Data:

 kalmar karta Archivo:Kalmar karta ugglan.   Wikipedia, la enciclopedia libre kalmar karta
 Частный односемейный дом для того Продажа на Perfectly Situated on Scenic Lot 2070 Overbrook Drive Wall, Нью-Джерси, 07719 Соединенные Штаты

---

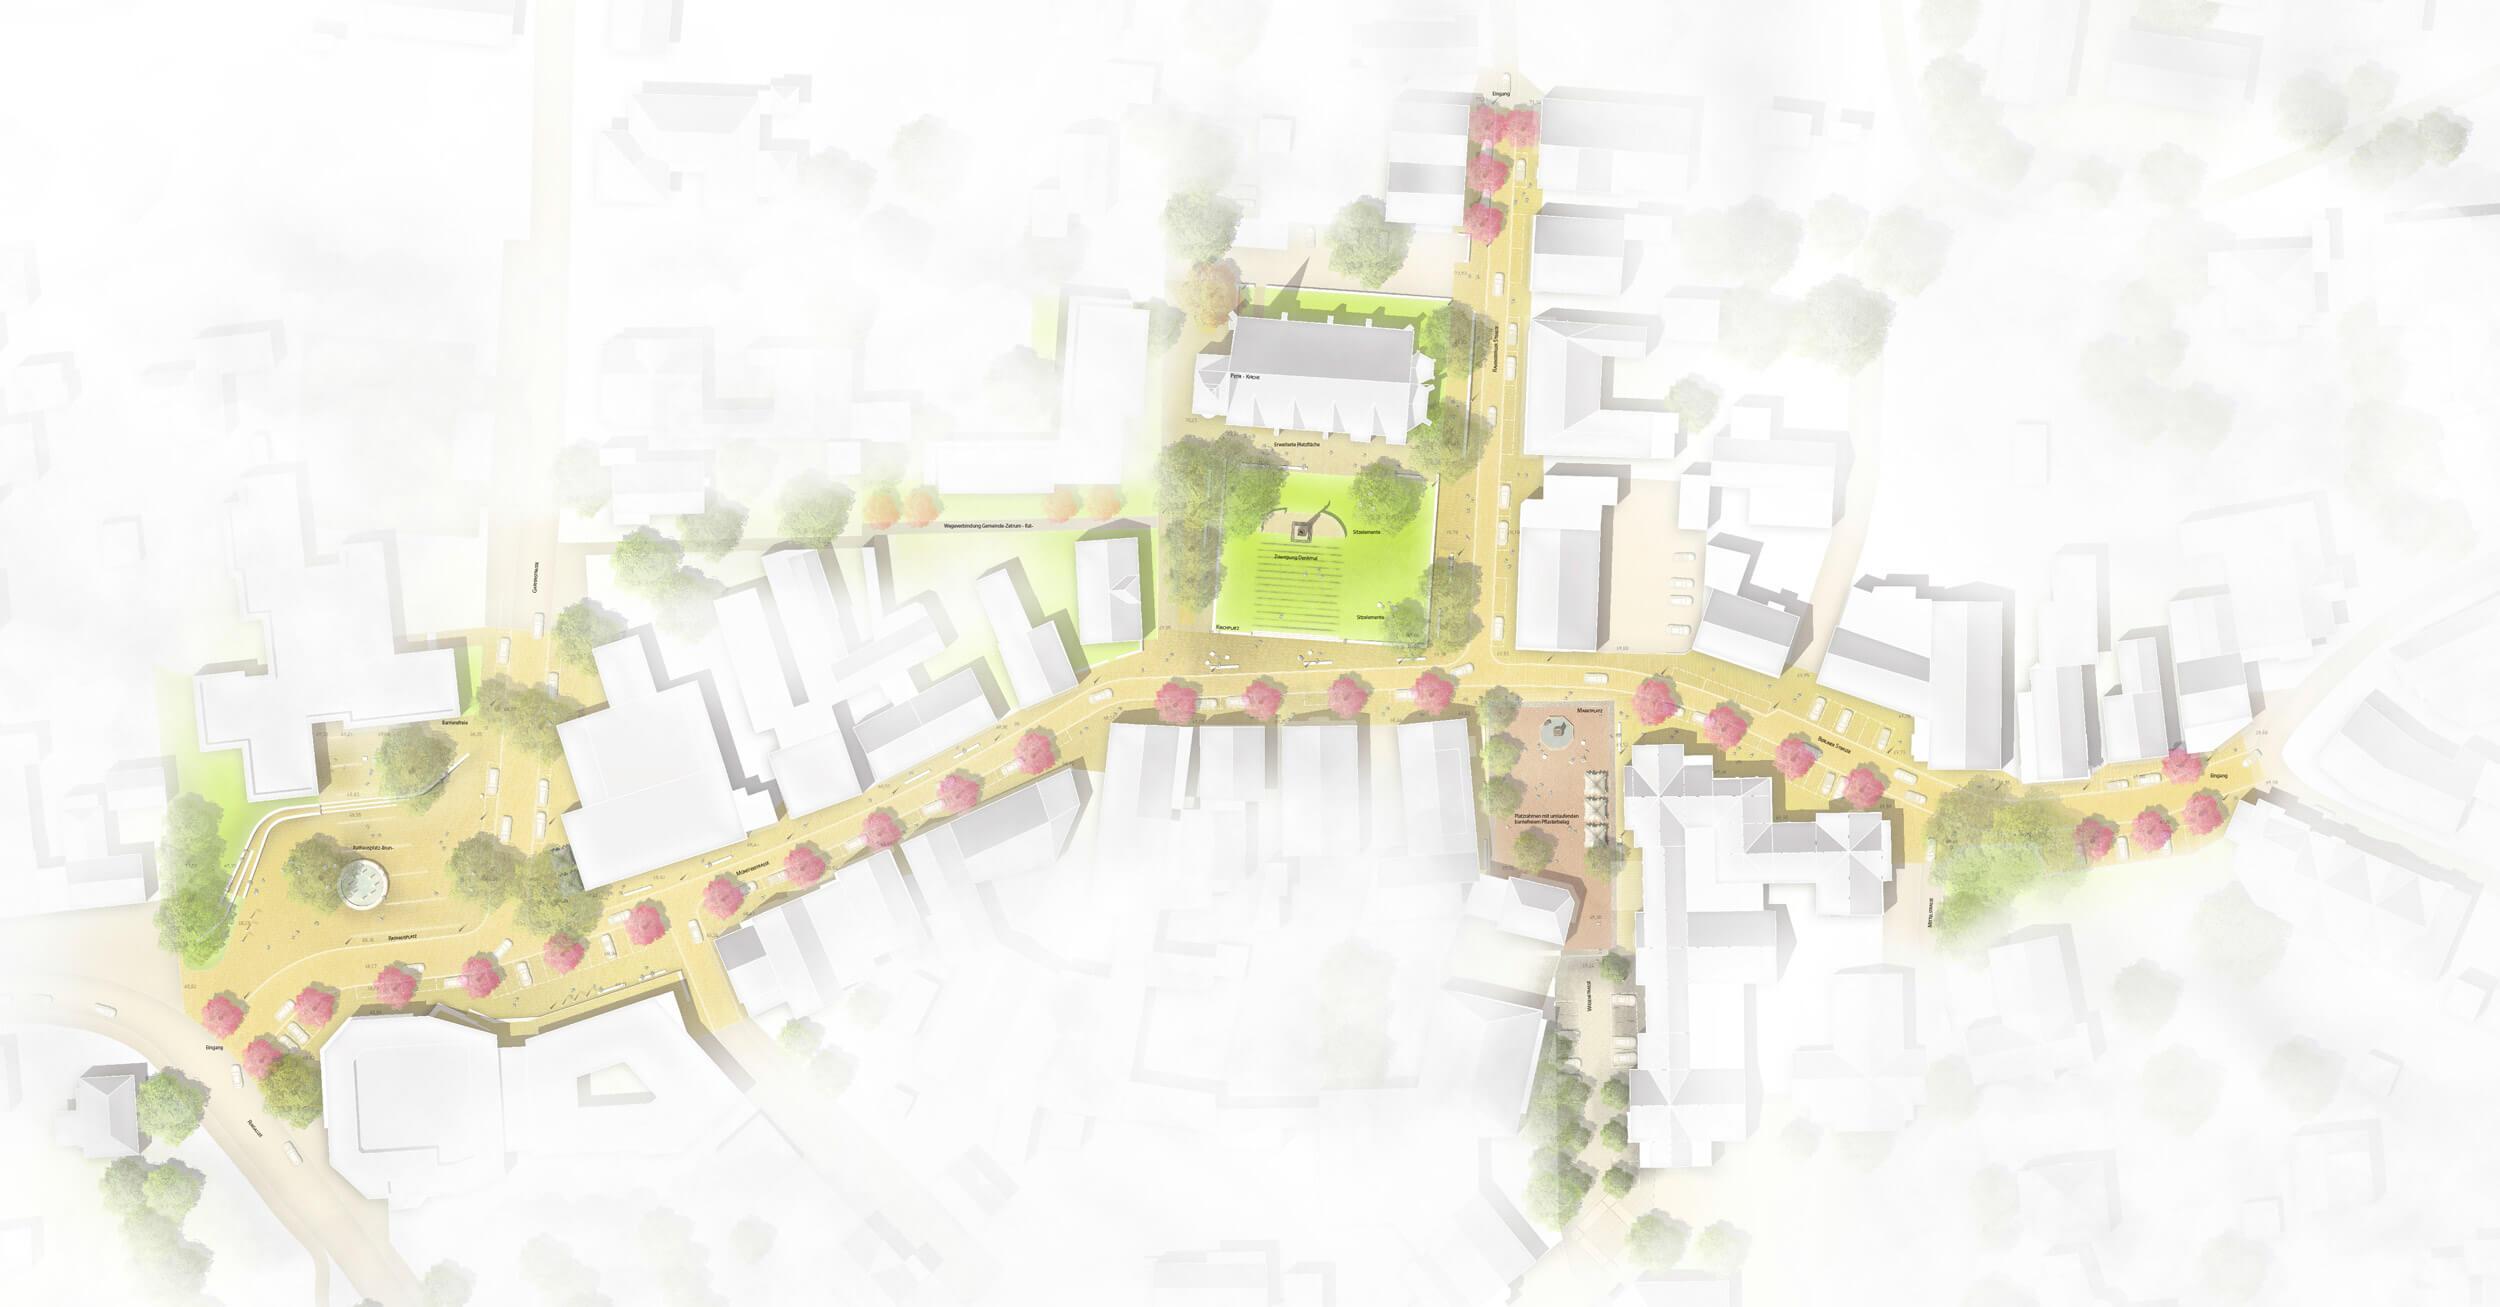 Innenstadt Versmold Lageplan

==

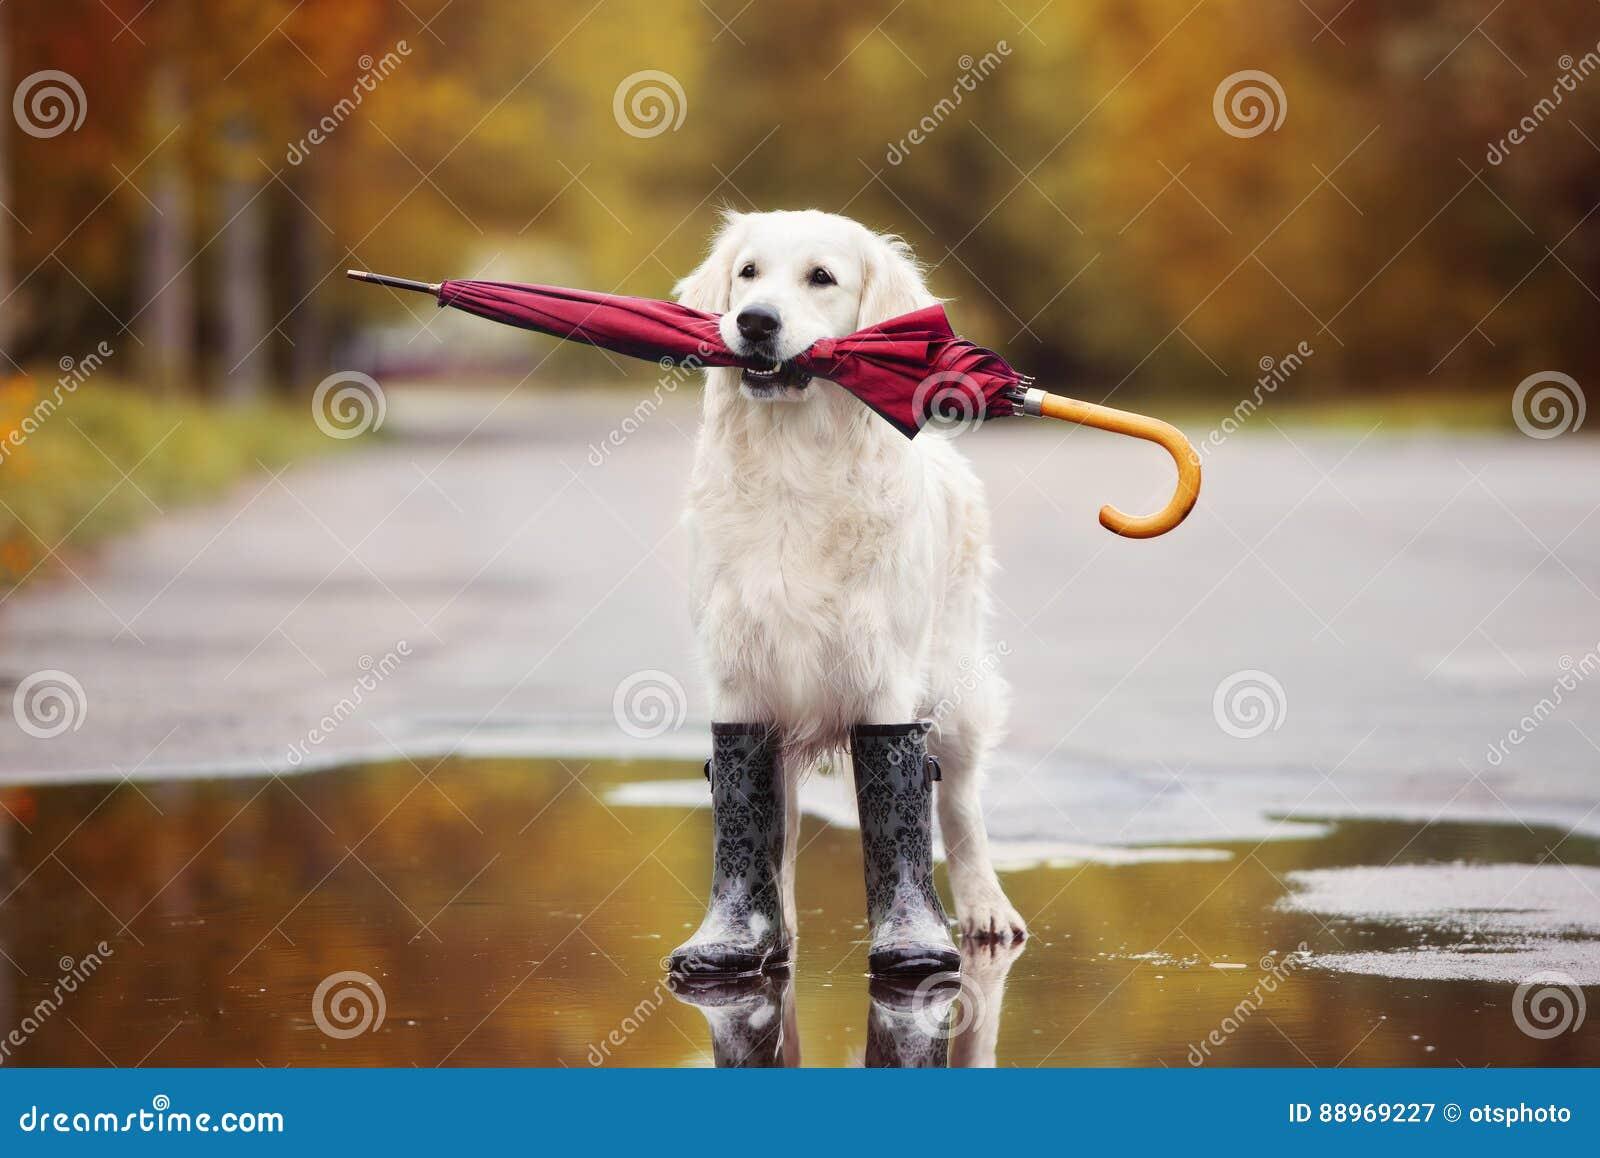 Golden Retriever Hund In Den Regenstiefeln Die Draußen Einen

Directions for this task: Retype word for word everything in the listing above from the line that holds "kalmar karta Archivo:Kalmar" down to the line that holds "Частный односемейный дом". Keep both end lines and leave out the rest.

Solution below:
 kalmar karta Archivo:Kalmar karta ugglan.   Wikipedia, la enciclopedia libre kalmar karta
 Частный односемейный дом для того Продажа на Perfectly Situated on Scenic Lot 2070 Overbrook Drive Wall, Нью-Джерси, 07719 Соединенные Штаты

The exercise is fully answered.